Since the birth of healthcare as an institutionalized system, development of medical treatment often came with a cost of patients’ health and wellbeing. A national report “To Err is Human: Building a Safer Health System” (1999, US) embarked on iatrogenesis: the problem of patients’ death and injury resulting from medical errors.
The interest in increasing treatment’s efficiency and patients’ safety, laid grounds for new medical education schemes. Among them, simulation is now becoming a standardized practical learning model in healthcare.
Simulation relies on re-enactment of plausible events in a real-like, simulated clinical environment, including the patients’ bodies who are replaced with manikins and simulators. It therefore allows avoiding the presence, and consequently potential harm of the patients during the training. The more realistic the simulation and involved in it artificial bodies are, the more immersive the training and effective its outcomes.
For the needs of Medical simulation, infrastructures and objects are being manufactured. The centerpiece of medical simulation is the patient: thus the quest of the simulators’ industry is to produce the most realistic replica of the human body. Gaumard (USA), Laerdal (Norway), CAE (Canada-USA), NASCO (USA), Kyoto Kagaku (Japan), Sakamoto Model (Japan), SimBodies (UK), are among the brands specializing in manufacturing the medical lifelike models of the human bodies. The proxy-bodies of male and female, adults, adolescents and infants, represent different levels of realism and technological advancement. It is difficult to escape an association with sci-fiction when looking at the life-size figures whose silicone bodies are under layered with steerable mechanisms which make the human ersatz move, react, breathe, bleed or talk.
The simulators, although designed for utilitarian purposes, like anatomical drawings and models, can be seen not simply as learning aids, but as “artefacts of the human, cultural meaning-making activity called ‘science’.”(Ebenstein, 2020) Regarded as such, the simulation manikins and props emerge as products of culture and history, reflecting the contemporary world views on human body, and on what, whose bodies are recognized as “medical”.
The production of medical simulators in the past was often linked to socio-cultural taboos, such as restrictions towards exposing the female body. For that reason, the obstetric mannikin was among the first simulators to be developed. The early birthing mannikins, such as “La Machine” constructed by Angélique Marguerite Le Boursier du Coudray (1712-1794), a French midwife connected to Louis XV’s court, represented a pregnant abdomen with uterus. The prop was easy to transport so that the training lessons could be provided to midwives in different places across the country.
Through the 19th Century, birthing machines would evolve into capable of leaking amniotic fluid and blood artefacts, manufactured across Italy, France, Germany and England. In the fin de siècle and early 20th Century, the models evolved into full-sized, posable female figures. In the 21st Century, the automated life-size birthing mannikins, along with realistic newborn dummies, are frequent centerpieces in medical simulation centers worldwide.
Evolving birthing mannikins witnessed the socio-cultural changes around childbirth, beginning from the woman-made "La Machine": an artefact pertaining to the women-only praxis performed by female midwives in domestic spaces in 18th Century. The increased production of obstetric models in the following 19th Century was propelled by male-midwives. The process of appropriating the so far woman-only praxis by male doctors came with new, intervention-based delivery strategies which included use of tools (forceps).
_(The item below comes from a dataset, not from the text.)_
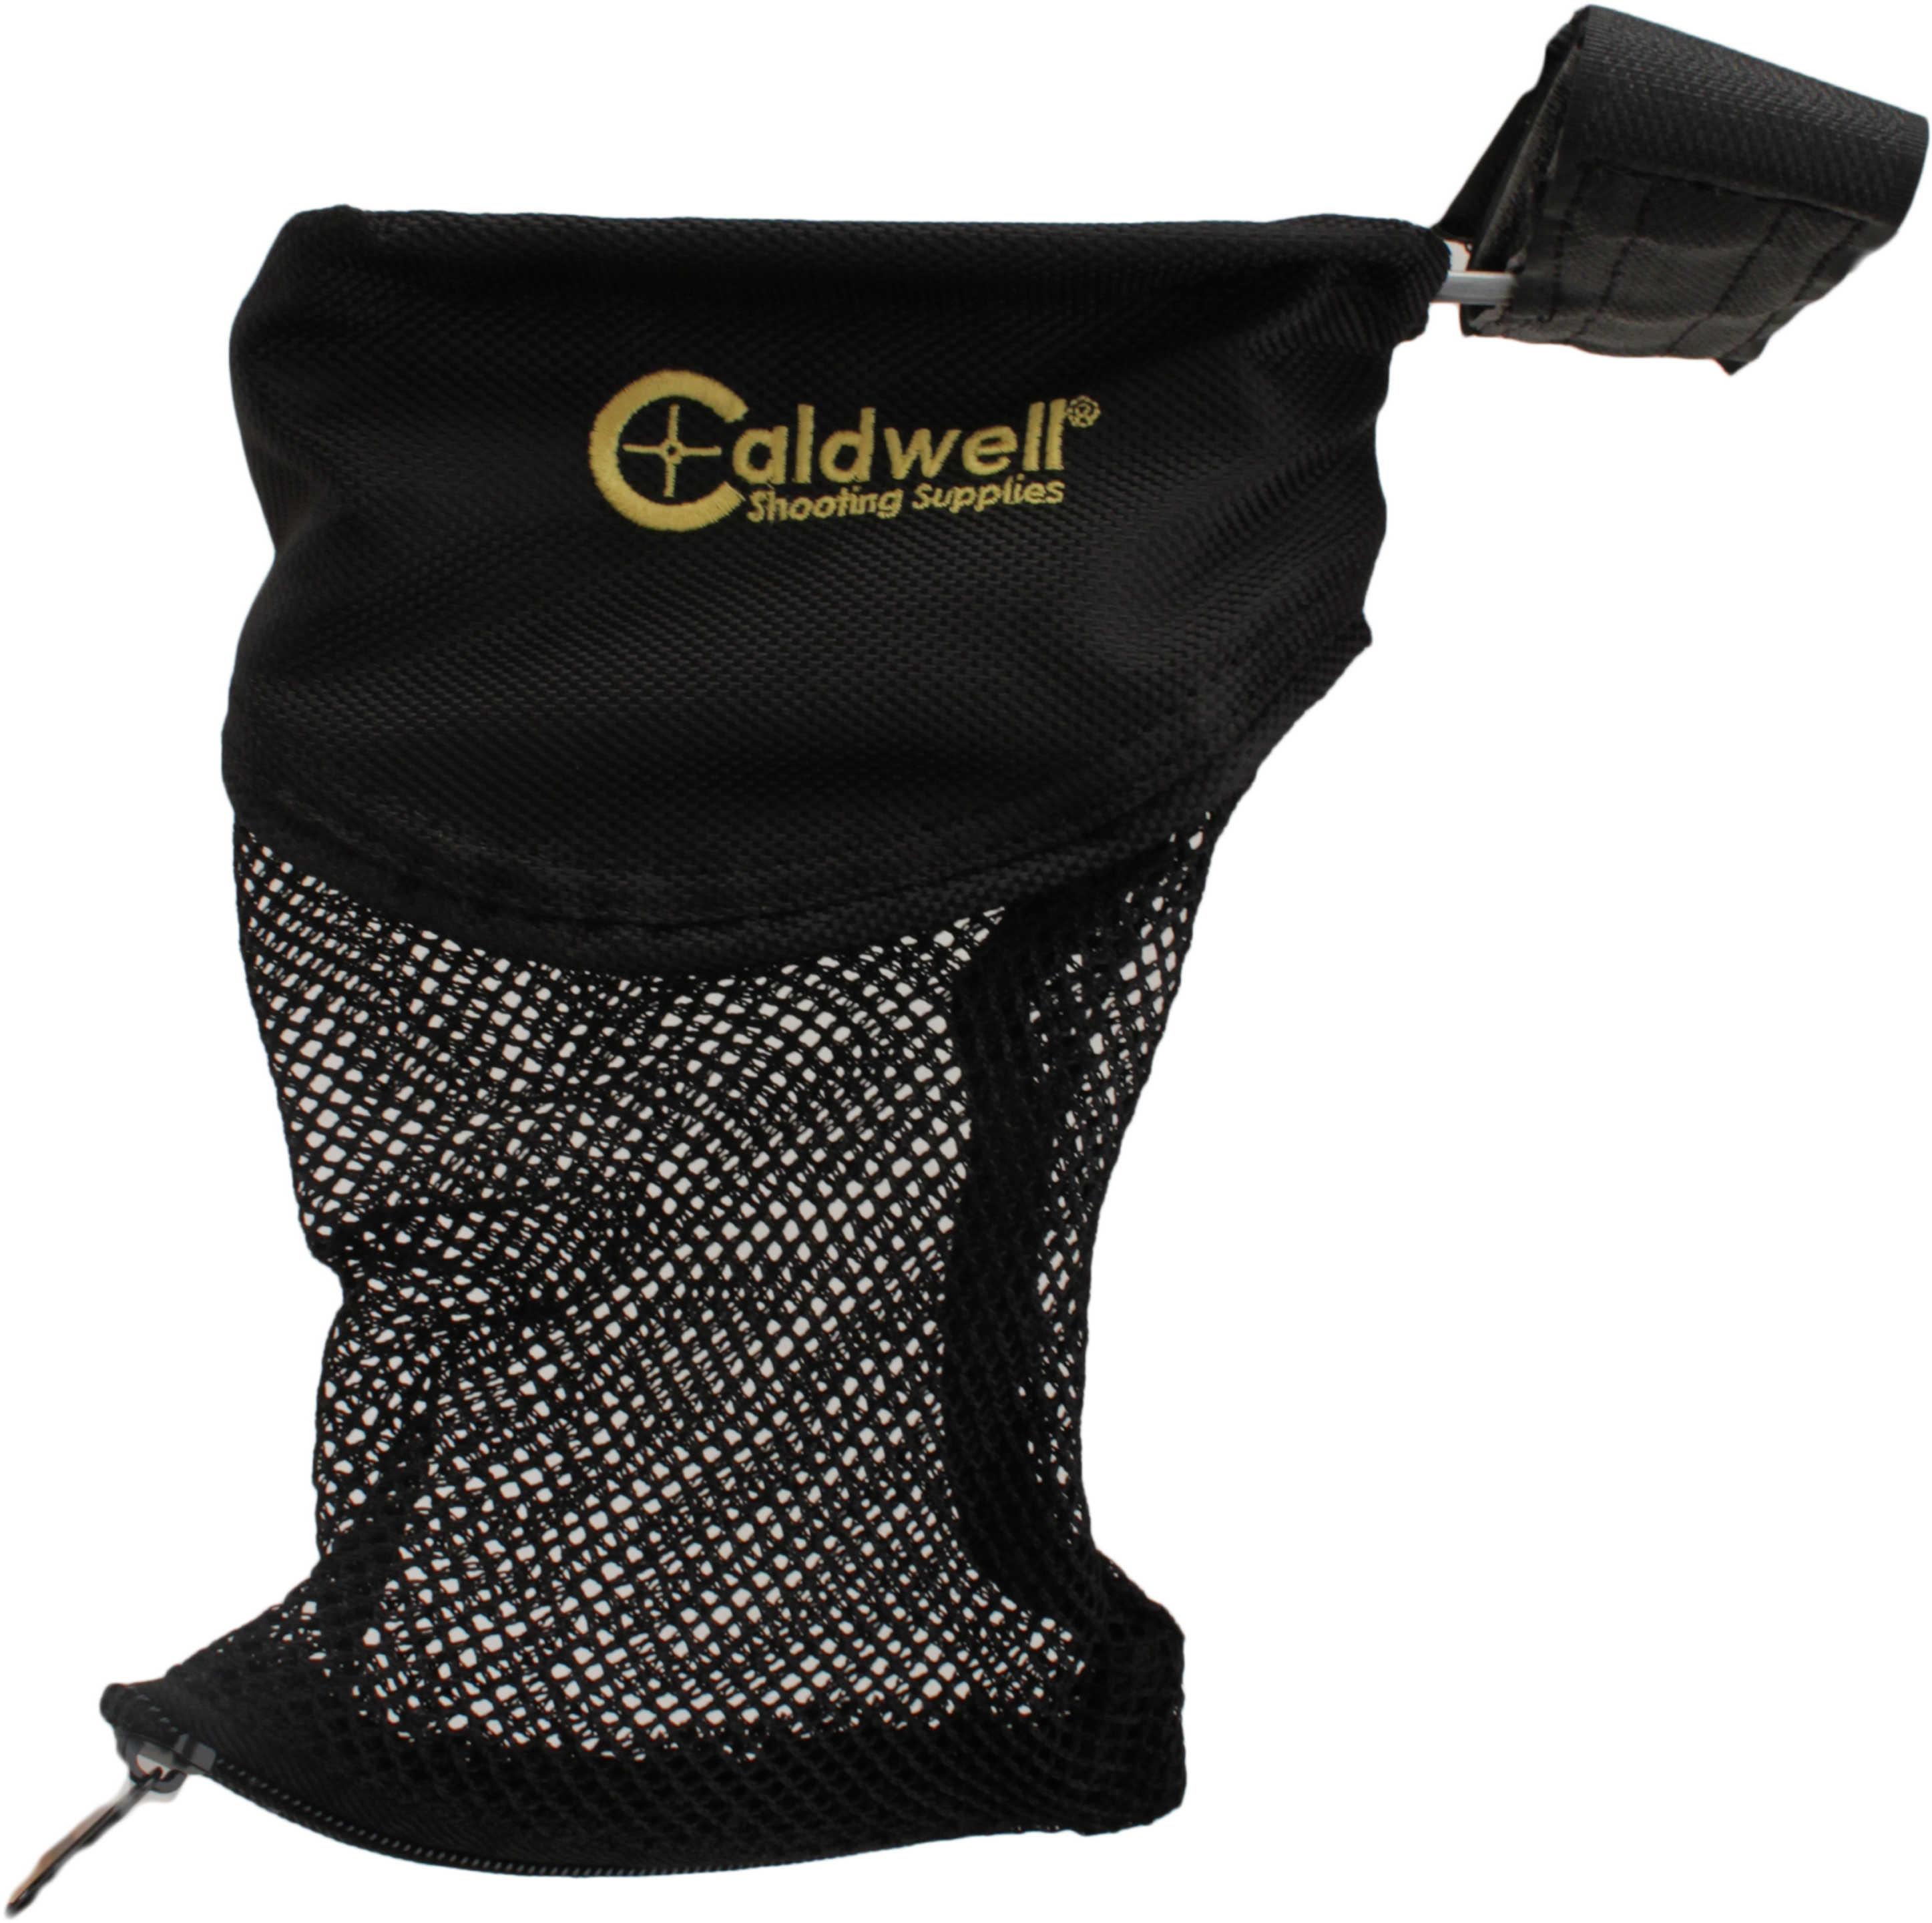 Caldwell AR15 Brass Catcher Hook And Loop Attachment

The movement promulgated labor as a matter of medical, scientific expertise – as opposed to the traditional midwifery, which it stigmatized and rendered as obsolete, unprofessional.
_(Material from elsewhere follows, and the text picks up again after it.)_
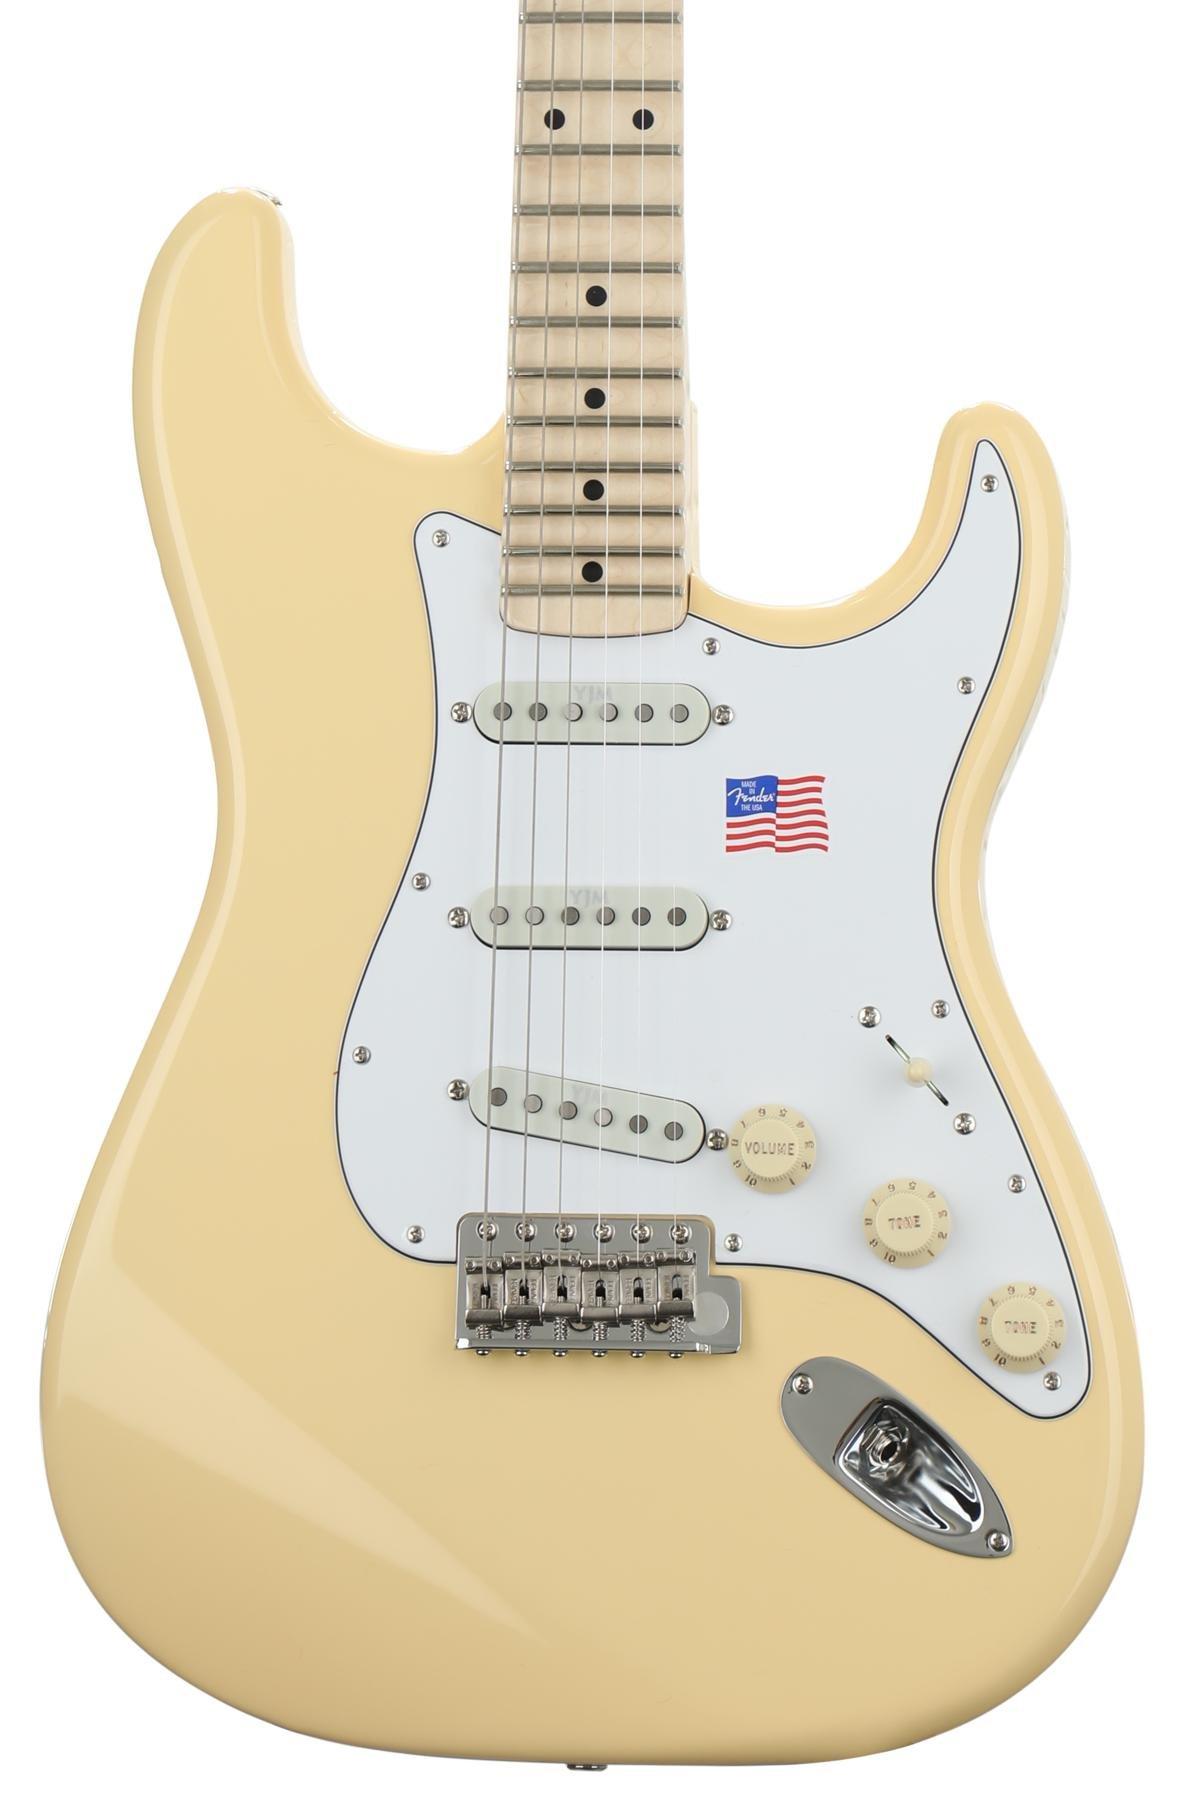 Fender Yngwie Malmsteen Stratocaster Vintage White w Maple

Increased rendering of pregnancy and childbirth as necessarily risky conditions, augmented the presence of medical care around childbirth which over 81% is estimated to now happen in medical facilities (Day, 2020), while the home-birth is widely seen as potentially dangerous. The prevalent presence of clinical care and medical procedures around the parturient bodies in the 20th and 21st Century have been recognized as medicalization of pregnancy.
Thus the emergence and evolution of the female-automated body was more than a utilitarian solution, but a symptomatic artefact of the times. The contemporary birthing mannikins, firmly installed in the clinical simulated environment, draw out the contemporary recognition of pregnancy as a “medical condition”.
Obstetric simulation draws out another question. When observing a birthing simulation in the present, the prevalent women's presence is noticeable around the laboring mannikin. This draws out the existing inter-changing gender imbalance within ob/gyn practitioners, which now re-emerges as the so-far predominantly male staff is now being replaced by women (example: gender ratio within ob/gyn practitioners in US: male: 15%, female: 85%).
Medical simulation training centers encompass the complexities and ambiguities of contemporary healthcare, in which childbirth and pregnancy are engaged in. The intention for ameliorating the medical care’s standards, medical performance and promoting patient-centered approach blends with modelling the healthcare institutions as a “controlled” and “corporatized” environment.
The automated figure of a parturient woman mechanically giving birth in the medical surroundings can be seen as a question mark regarding the progressing medicalization of pregnancy, agency of parturient women within the healthcare system and the gender-imbalance within the obstetric professionals.